To elaborate on @Gąska's advice, something like:
SELECT  'table_1', tablename, user_id FROM table_1 WHERE created BETWEEN 'start_date' AND 'stop_date'
union SELECT  'table_2', user_id FROM table_2 WHERE created BETWEEN 'start_date' AND 'stop_date'
union SELECT  'table_3',  user_id FROM table_3 WHERE created BETWEEN 'start_date' AND 'stop_date'
-- ...etc...
Note that 'UNION' has an implied 'DISTINCT(if you really want everything, useUNION ALL`).

So that lets me get all the individual ones. If I drop the tablename out front on the select, I get the aggregate.

Is there a way to get both of that in a single script? Would I have to duplicate the queries (query once for each of them, then query again for the aggregate deduplicated one)?

So what I really need is output like:

N people made modifications to table table_1
M people made modifications to table table_2
...
All in all, X unique people made modifications.

boomzilla

@Benjamin-Hall you can either process the list yourself (in whatever language you're using) to get the distinct list of users or run it separately without the names.

Benjamin Hall

@boomzilla said in Aggregating data from unrelated tables in SQL:

@Benjamin-Hall you can either process the list yourself (in whatever language you're using) to get the distinct list of users or run it separately without the names.

That's just it.

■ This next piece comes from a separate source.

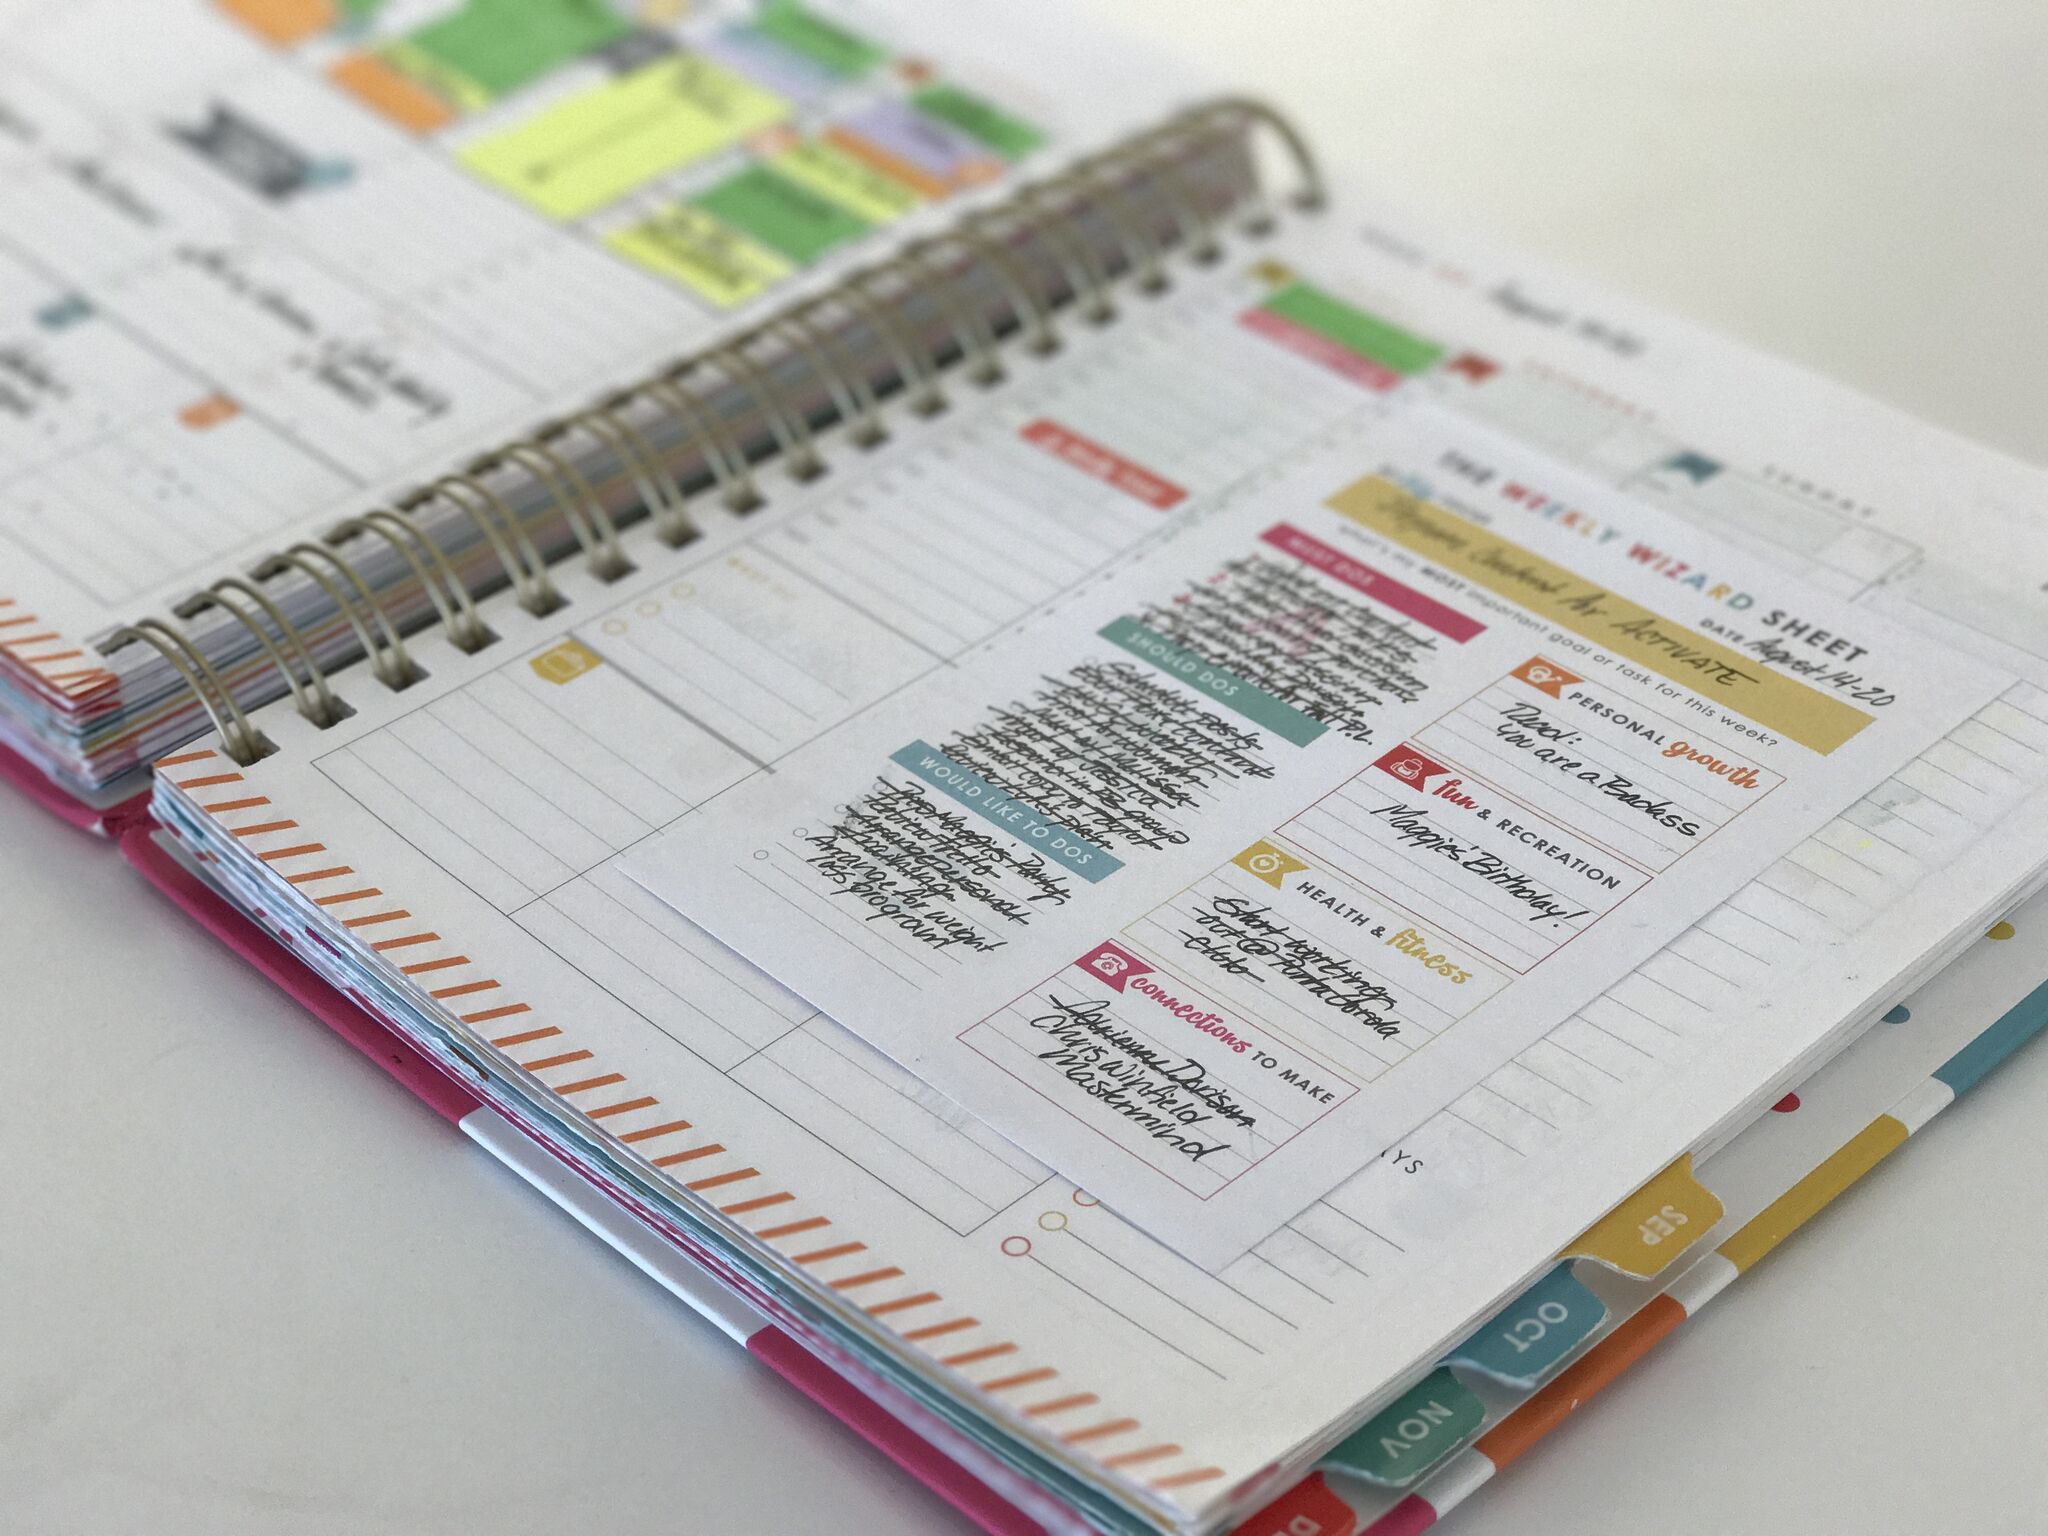 A planner is the perfect way to get your affairs in order - and it will totally help reduce your stress

I can't assume I have another language here, because all I can assume about the end user is that she has mysql installed. Somewhere. Can't assume anything about the path or version (beyond >some_minimum). Can't assume it's in the PATH.

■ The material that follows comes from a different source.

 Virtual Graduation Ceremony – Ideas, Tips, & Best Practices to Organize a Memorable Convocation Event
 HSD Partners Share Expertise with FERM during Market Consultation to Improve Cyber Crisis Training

She can run mysql against an input script. Beyond that, nothing else.

And it seems to me that I can either get a list of ids (deduplicated) OR a list of counts, but if I want counts I can't deduplicate. At least not directly in SQL.

boomzilla

@Benjamin-Hall uh...going back and rereading your requirements...I'm not entire sure what you're looking for. What do you want the end result to look like? The question you asked was about having two different lists, but I think we're in the middle assuming some implementation as opposed to looking at what you actually need.

Having said that, I might be able to give you the Oracle answer, but I think that would end up using some Oracle specific SQL that wouldn't help you.

Benjamin Hall

@Benjamin-Hall said in Aggregating data from unrelated tables in SQL:

@boomzilla said in Aggregating data from unrelated tables in SQL:

@Benjamin-Hall you can either process the list yourself (in whatever language you're using) to get the distinct list of users or run it separately without the names.

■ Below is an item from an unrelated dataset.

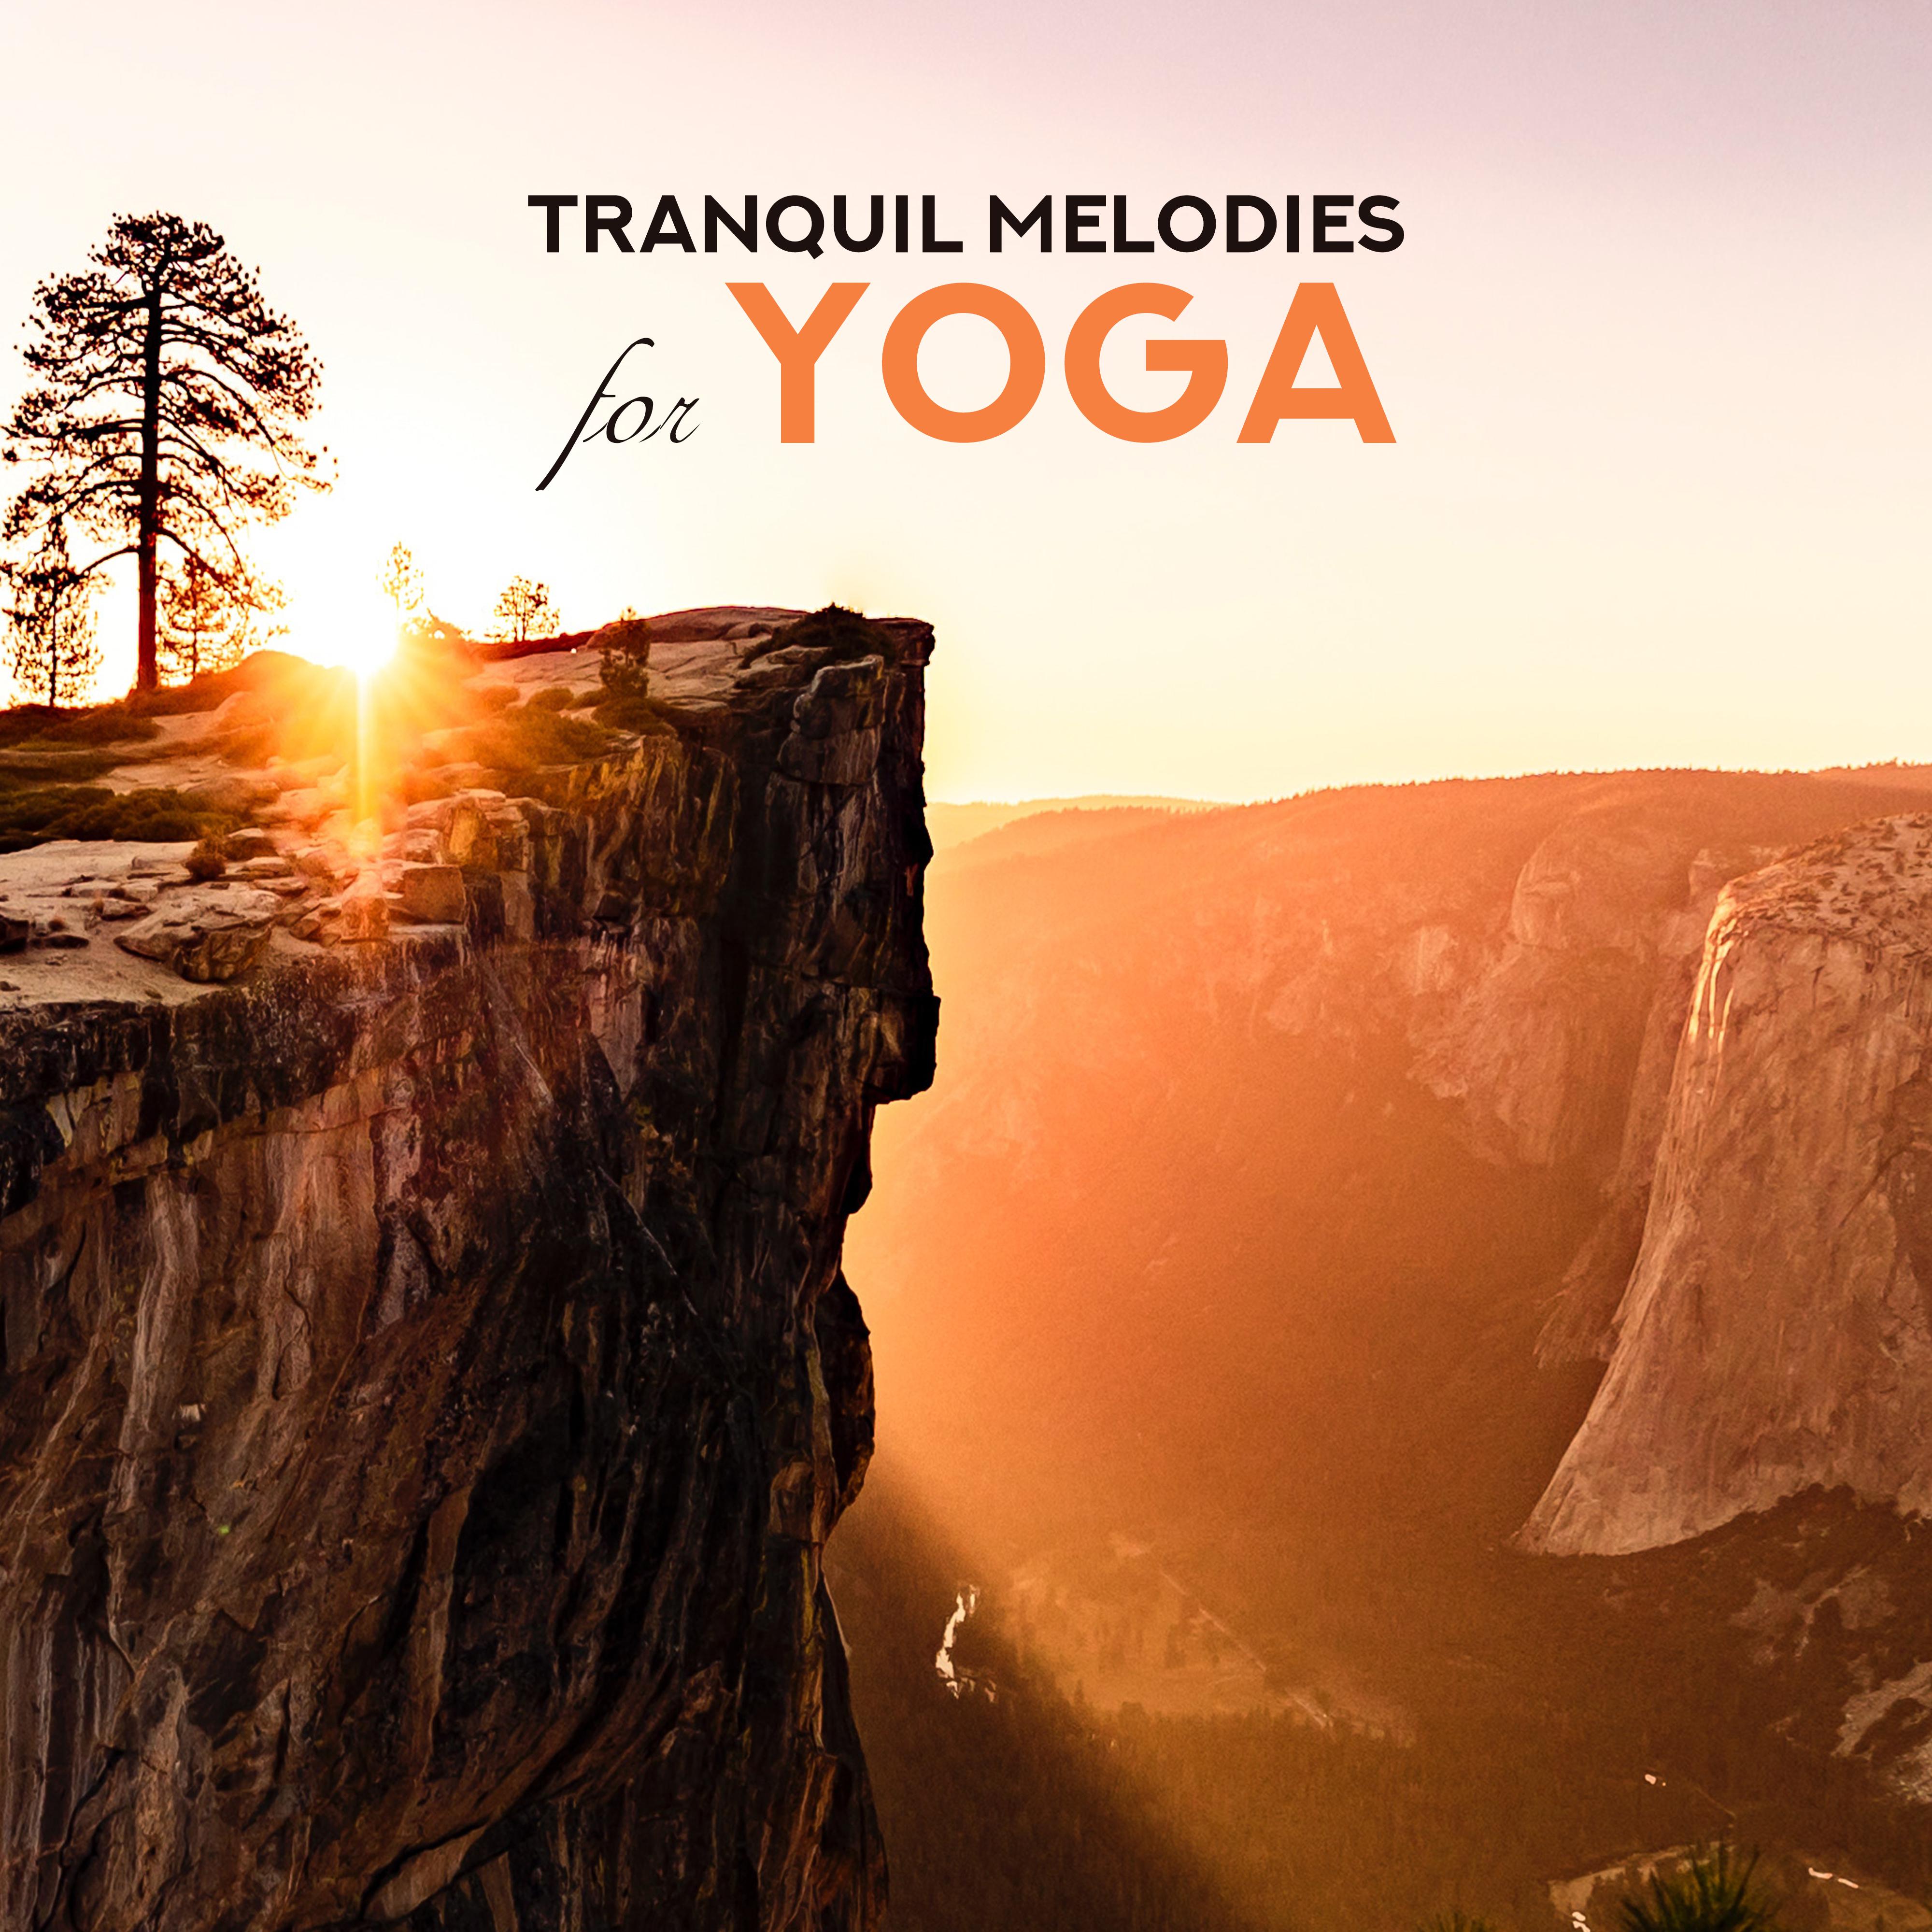 Tranquil Melodies for Yoga – Relaxing Music for Meditation, Spiritual Awakening, Sleep, Calm Down, Pure Mind, Deep Relaxation, Classical Meditation Music, Zen

That's just it. I can't assume I have another language here, because all I can assume about the end user is that she has mysql installed. Somewhere. Can't assume anything about the path or version (beyond >some_minimum). Can't assume it's in the PATH.

She can run mysql against an input script. Beyond that, nothing else.

And it seems to me that I can either get a list of ids (deduplicated) OR a list of counts, but if I want counts I can't deduplicate. At least not directly in SQL.

Nevermind, I can do subqueries. So I can do SELECT COUNT(*) FROM (union query).

Benjamin Hall

@boomzilla said in Aggregating data from unrelated tables in SQL:

@Benjamin-Hall uh...going back and rereading your requirements...I'm not entire sure what you're looking for. What do you want the end result to look like? The question you asked was about having two different lists, but I think we're in the middle assuming some implementation as opposed to looking at what you actually need.

Having said that, I might be able to give you the Oracle answer, but I think that would end up using some Oracle specific SQL that wouldn't help you.

It seems that doing the following works:

Define $subquery as

SELECT user_id FROM blah where blah
UNION
SELECT ...

Run SELECT COUNT(*) from ($subquery) AS fake_name --> This gives me an aggregate count, deduplicated.

Then run a variant of $subquery with the table names in there and selecting COUNT(DISTINCT user_id) to print the individuals.

Edit: I'm not so worried about peak performance since this is a 1x/week query on a relatively small data set, run manually.